The reporting deadline for companies to be compliant with EMIR is February 12, but many companies are struggling to come to terms with the complexities of implementing procedures and systems that will enable them to report on derivative transactions.
From attending recent webinars and meetings on EMIR reporting, my impression is that a significant number of corporates are not ready at this point in time to be fully compliant with the derivative reporting requirements, says Michelle Price, associate policy and technical director at the Association of Corporate Treasurers.
Given the deadline of February 12 is only three weeks away, the question is how many will be compliant by then?
A question that appears difficult to answer.

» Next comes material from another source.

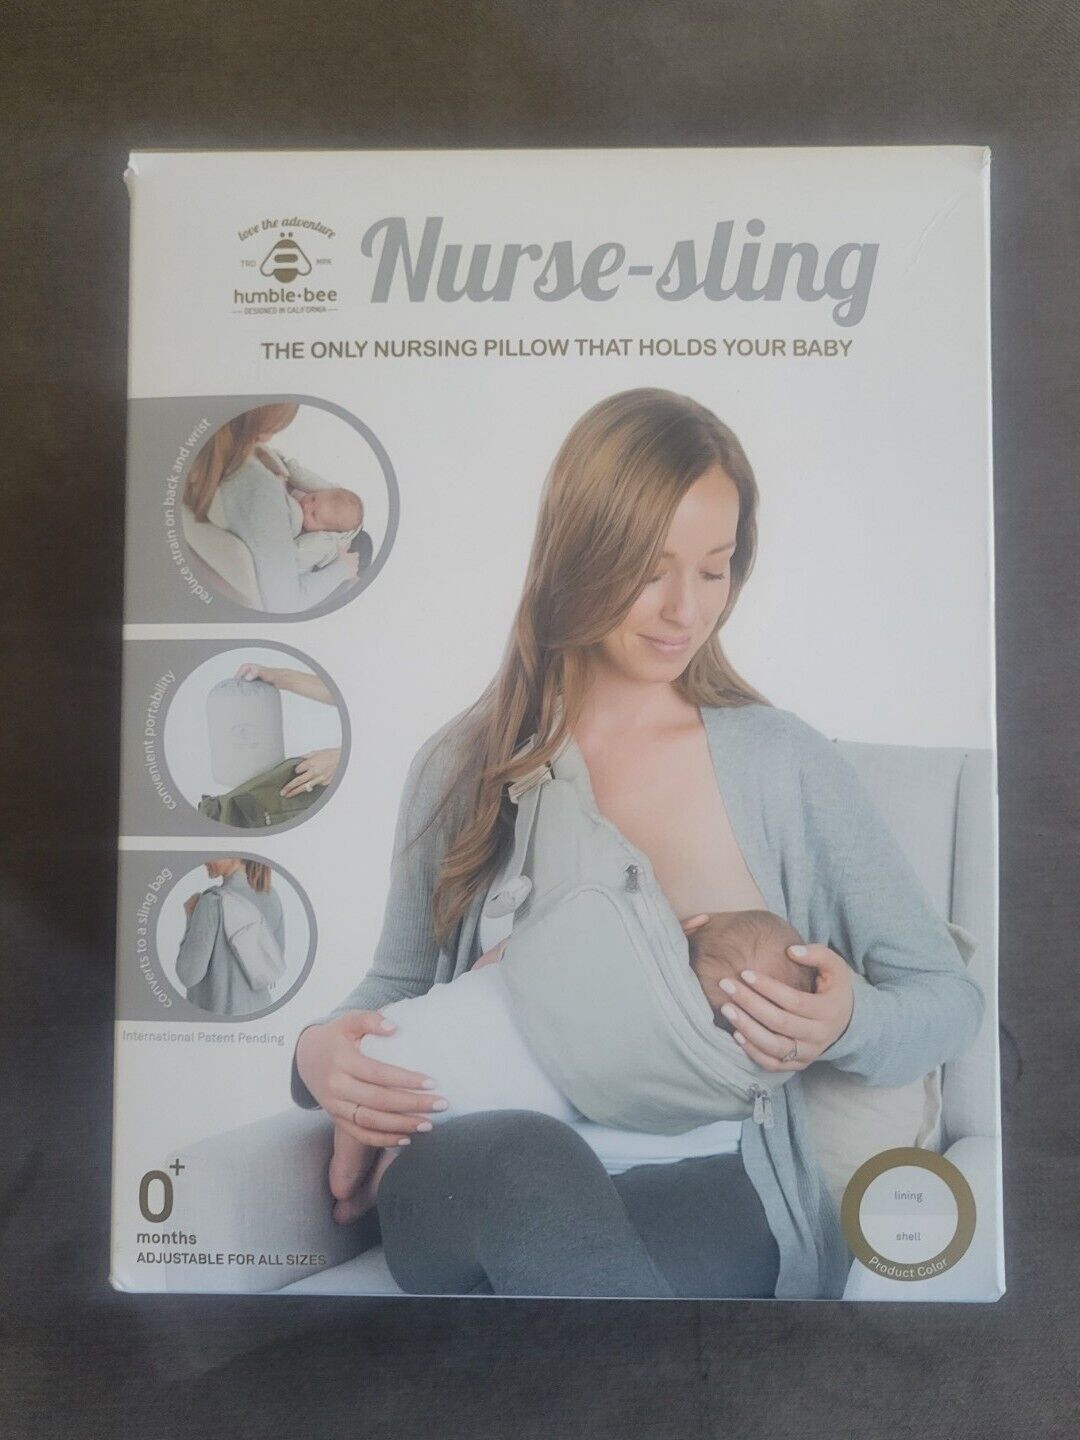 Nurse-sling - Nursing Pillow/sling Bag (gray) By Humble-bee

EMIR is the European Commissions response to the commitment by G20 countries to address risks related to the OTC derivative markets.

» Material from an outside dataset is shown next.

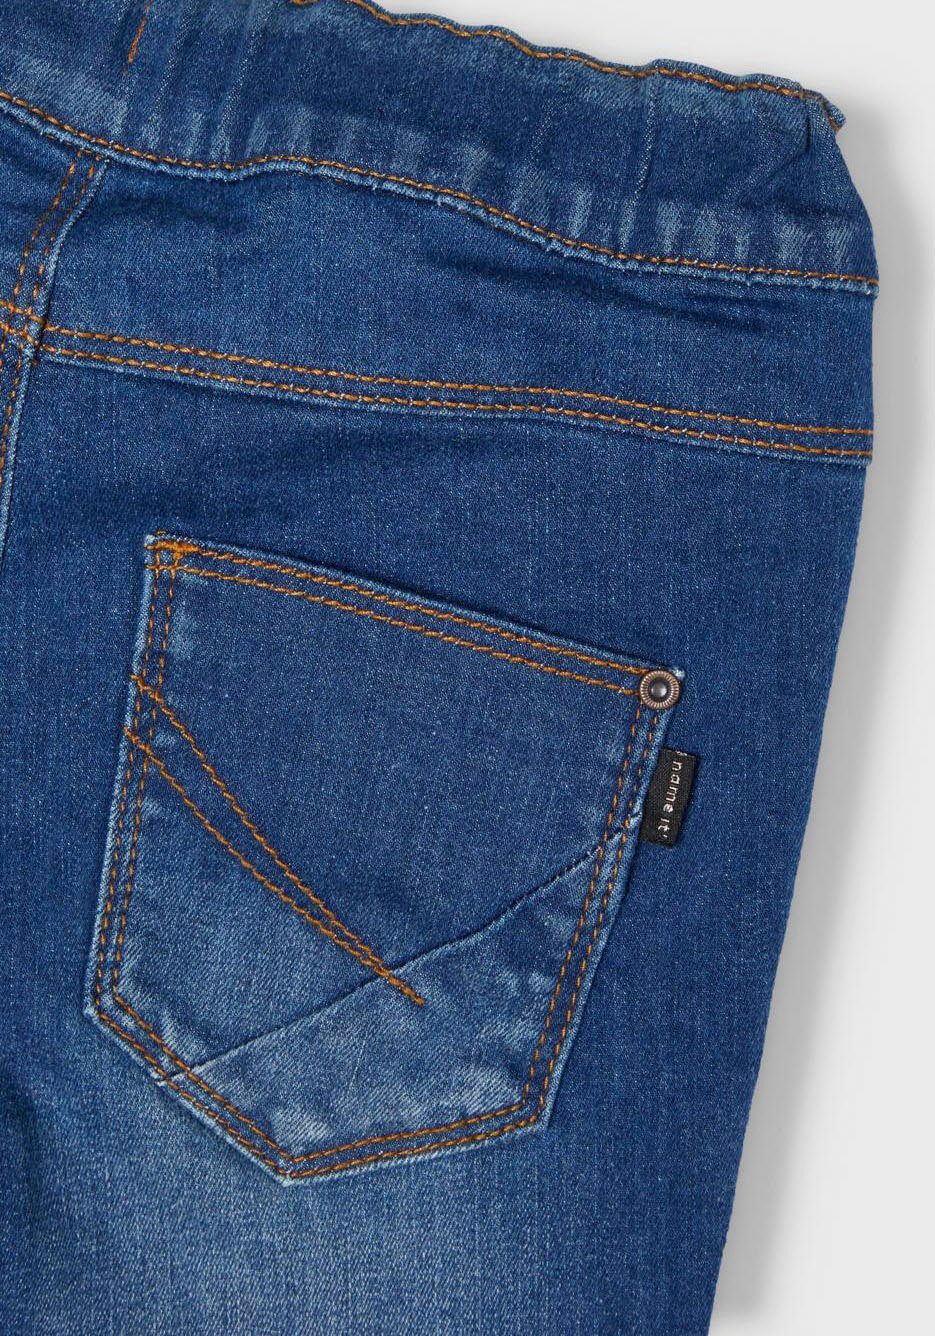 PANT It blue Stretch-Jeans denim NKFPOLLY medium DNMATASI Name

Since derivatives have become synonymous with the financial crisis, the regulation is aimed at increasing transparency in the derivatives market, thereby reducing and minimizing systemic risk by reducing counterparty and operational risk.
It not only applies to European Union member states but also applies globally to certain transactions and counterparties outside the EU.
The regulatory framework is being implemented by the European Securities and Markets Authority, but some market participants say the information on the regulation has been released in dribs and drabs so companies are confused by the process.
First off, companies have to have a clear overview of their derivatives usage relating to credit, interest rate, equity, foreign exchange and commodities, and will be required to report derivatives to approved trade repositories, of which there are six.
Companies are expected to provide daily reports on any new or maturing derivative trades and any changes to existing ones and corporates whose derivatives exceed given thresholds also have to clear them via a central clearing house.
Whilst the requirement to report derivatives has been known for some time, it has been the implementation details that corporates have struggled with, says Price.
For example, the first trade repositories, who all derivative trades must be reported to, were only registered in November 2013. This shows a lack of understanding and appreciation for how long it takes commercial and industrial companies to define, install and test the necessary system changes.
One bone of contention appears to be receiving or generating, and reporting, the unique trade identifier (UTI) for each trade.
All trades must have a UTI with both parties to a transaction reporting the same UTI, says Price. However, there is no internationally agreed or recommended UTI but various ideas and precedents are developing, notably with ISDA [International Swaps and Derivatives Association] taking a lead.
Companies also need to apply for a legal entity identifier (LEI), but as yet the final system for creating these reference numbers does not exist, adds Price. Instead, pre-LEIs are being generated by pre-local operating units, such as the London Stock Exchange.
The regulator has a huge amount of work ahead before it can come up with a meaningful overview of the positions held by each market player, says Marcos Barrabés-Rebollo, a consultant at treasury consultancy Zanders.
The adoption of legal entity identifiers by all market participants is key for this. At the moment, many of them are still requesting it or have doubts about how to request it.
As of now, no explicit penalty for missing the February 12 date exists, says Barrabés-Rebollo. Some companies are therefore putting more of their efforts into complying with the Single Euro Payments Area (Sepa) project, without which a company would not be able to receive or make payments for receivables, or pay its staff.
While all of Europes public-sector institutions, financial institutions and companies should have migrated their payment systems to the new Sepa credit-transfer and direct-debt system by February 1, earlier this month the European Commission announced a further six-month transition period for the changeover due to the complexity of the new system.
However, UK regulator the Financial Conduct Authority has sent a shot across corporate bows on EMIR, stating on its website: If there is a reason why full compliance cannot be achieved in specific circumstances, a firm should prioritize having a detailed and realistic plan to achieve compliance within the shortest timeframe possible.
However, this does not prejudge our approach to any instances of non-compliance.
In other European countries such as Germany, the local regulator is expected to act if a company fails to meet the deadline, says Frank Richter, financial instruments specialist in product management at Hanse Orga.
This Germany-based software vendor has a number of midsized corporate clients across Europe. In some cases where German companies are unable to meet the deadline, Richter noted that the larger German banks have offered to take over the reporting process for clients free of charge.
Barrabés-Rebollo adds: The time for seeing how other market participants are moving towards compliance has now passed. The execution of risk-mitigation techniques should already be in place and February 12 reporting deadline is looming. This leaves market participants with very tight deadlines to become EMIR compliant.
However, companies will not cease to function if they do not meet the EMIR reporting deadline, but they would have grave liquidity issues if they were Sepa non-compliant. And for some companies late to implementing either regulation, the choice is clear.